LISTED RECORDS >>
===
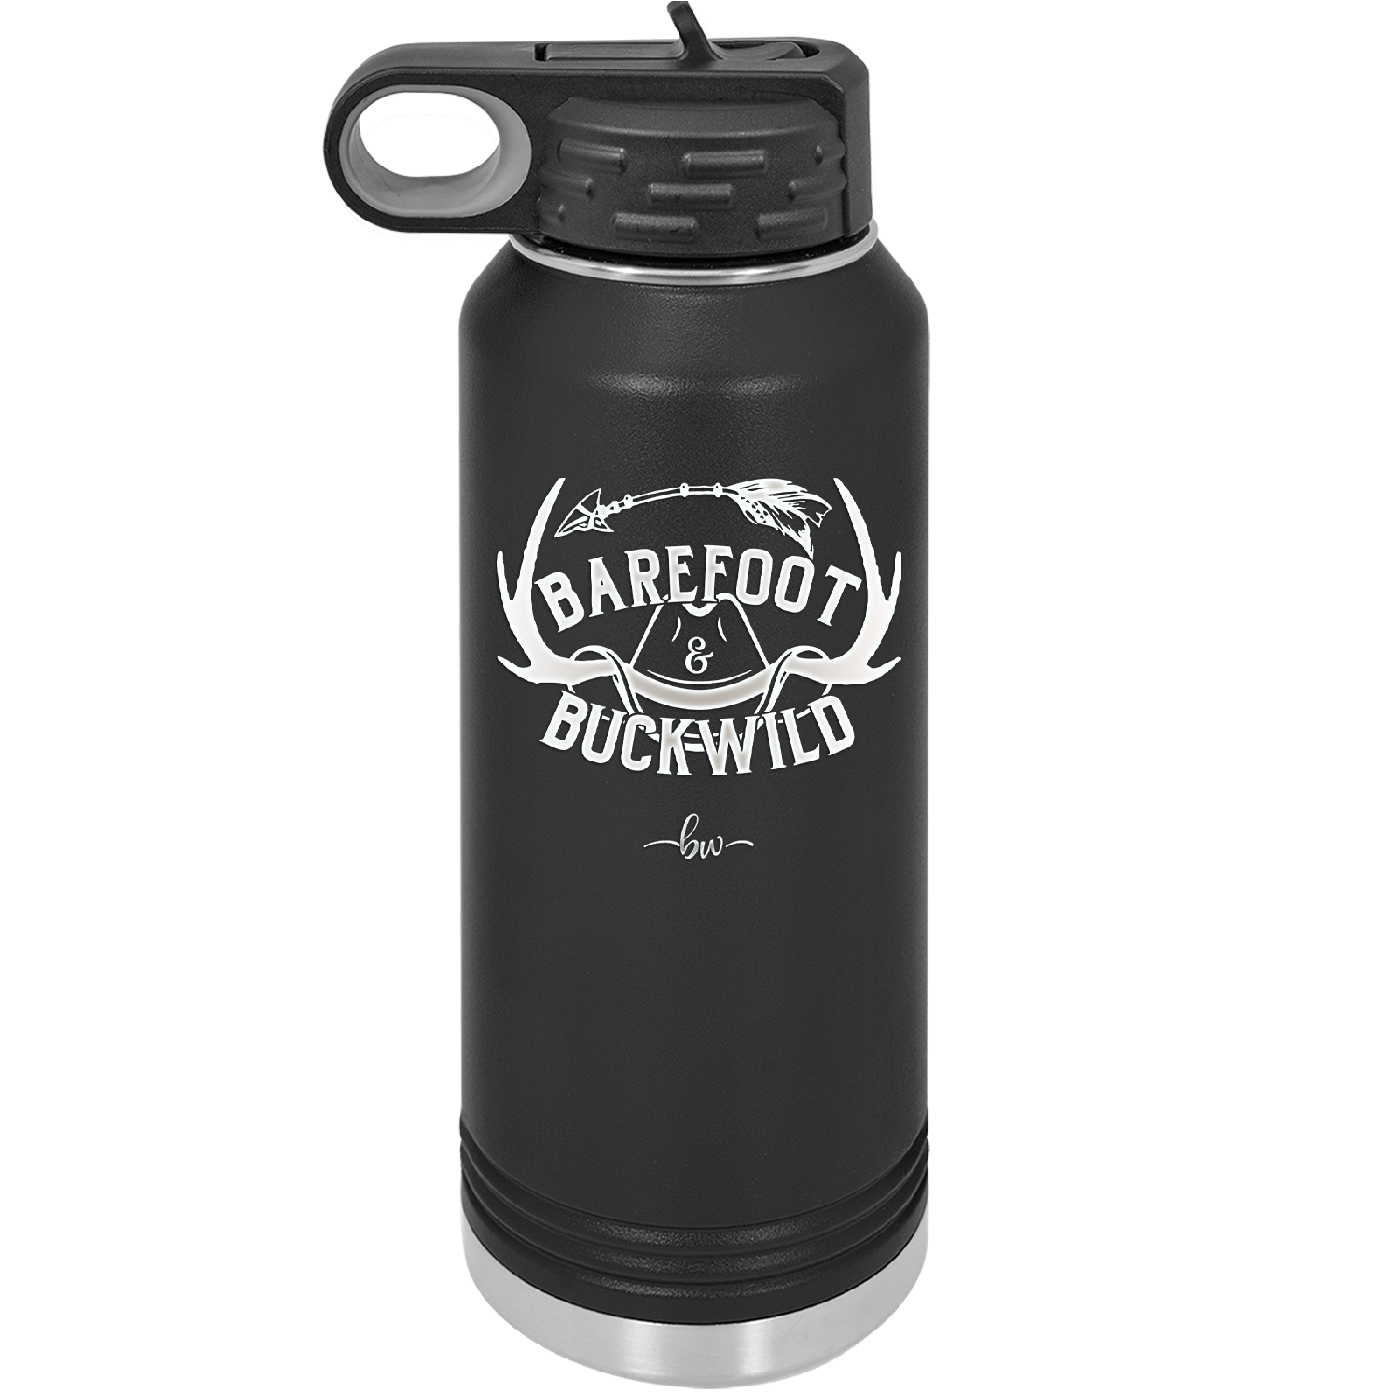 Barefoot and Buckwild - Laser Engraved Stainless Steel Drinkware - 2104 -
===
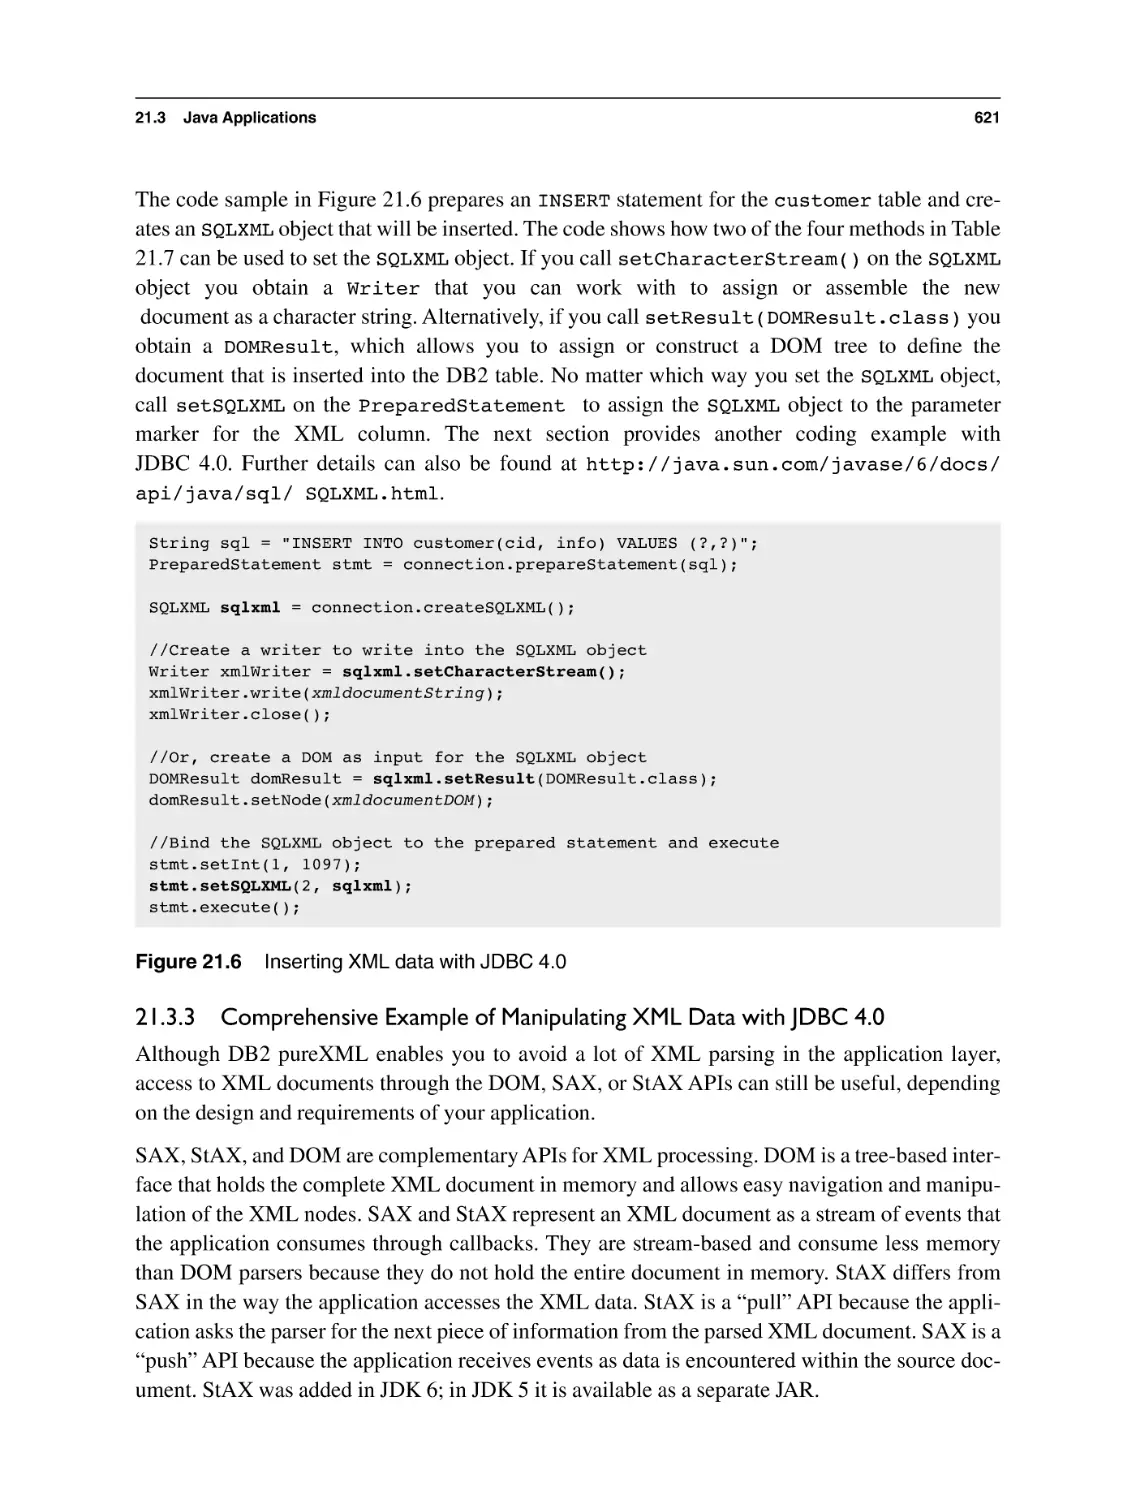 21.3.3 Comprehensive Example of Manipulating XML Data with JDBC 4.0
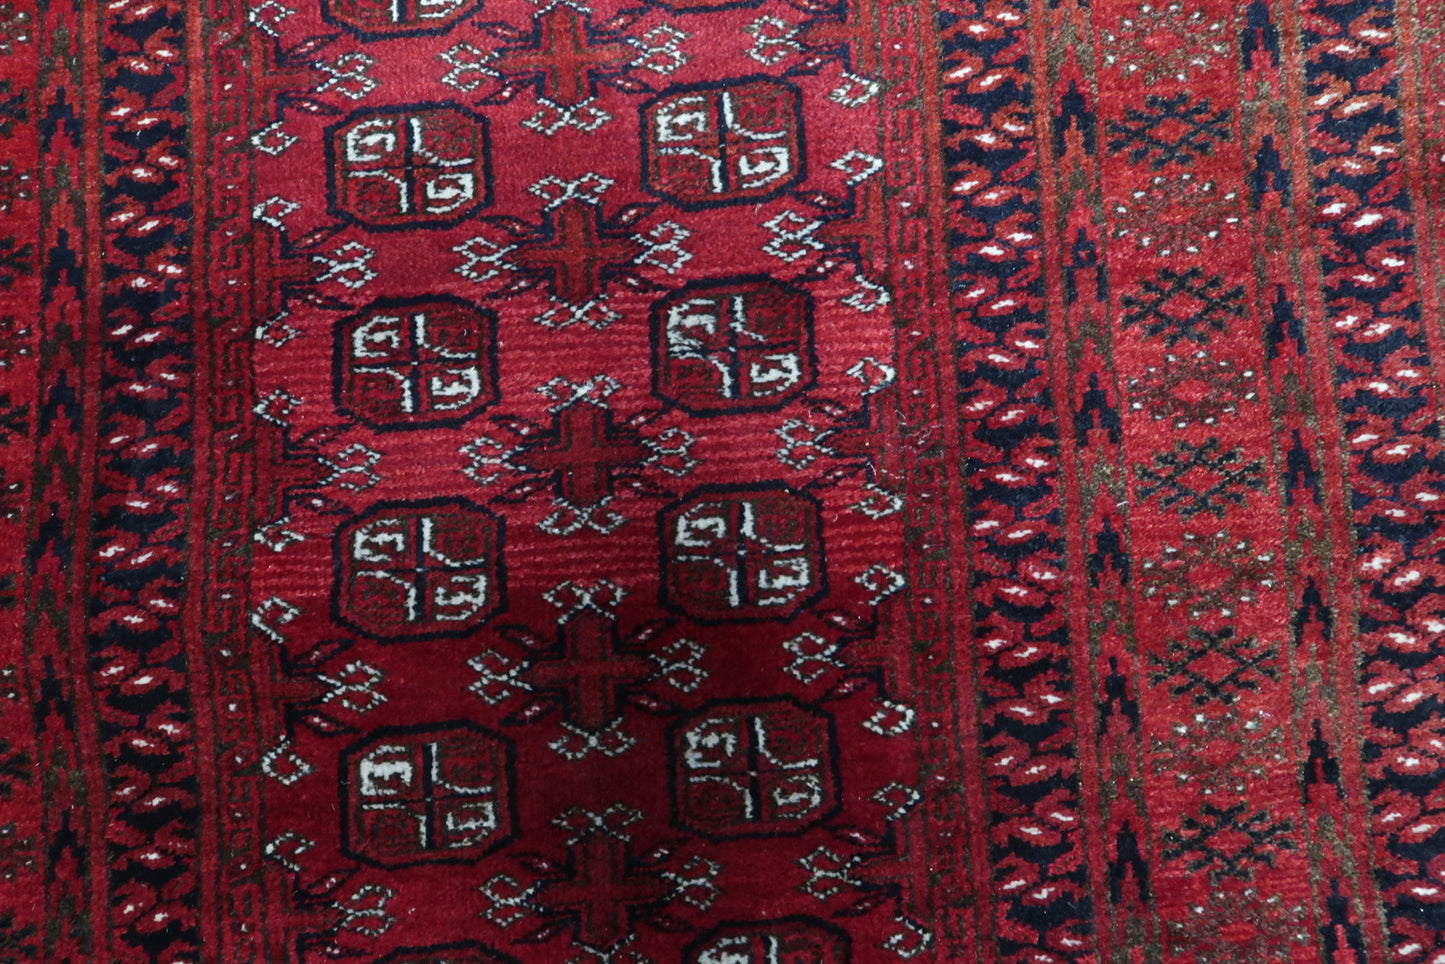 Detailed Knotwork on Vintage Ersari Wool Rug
===
WHAT THE EXERCISE ASKS >> Going by the entries above, repeat exactly the lines that start at the line with "21.3.3 Comprehensive Example" and go on through the line with "Detailed Knotwork on Vintage Ersari Wool Rug". Pictures are not part of the copy.

REPLY >>
 21.3.3 Comprehensive Example of Manipulating XML Data with JDBC 4.0
 Detailed Knotwork on Vintage Ersari Wool Rug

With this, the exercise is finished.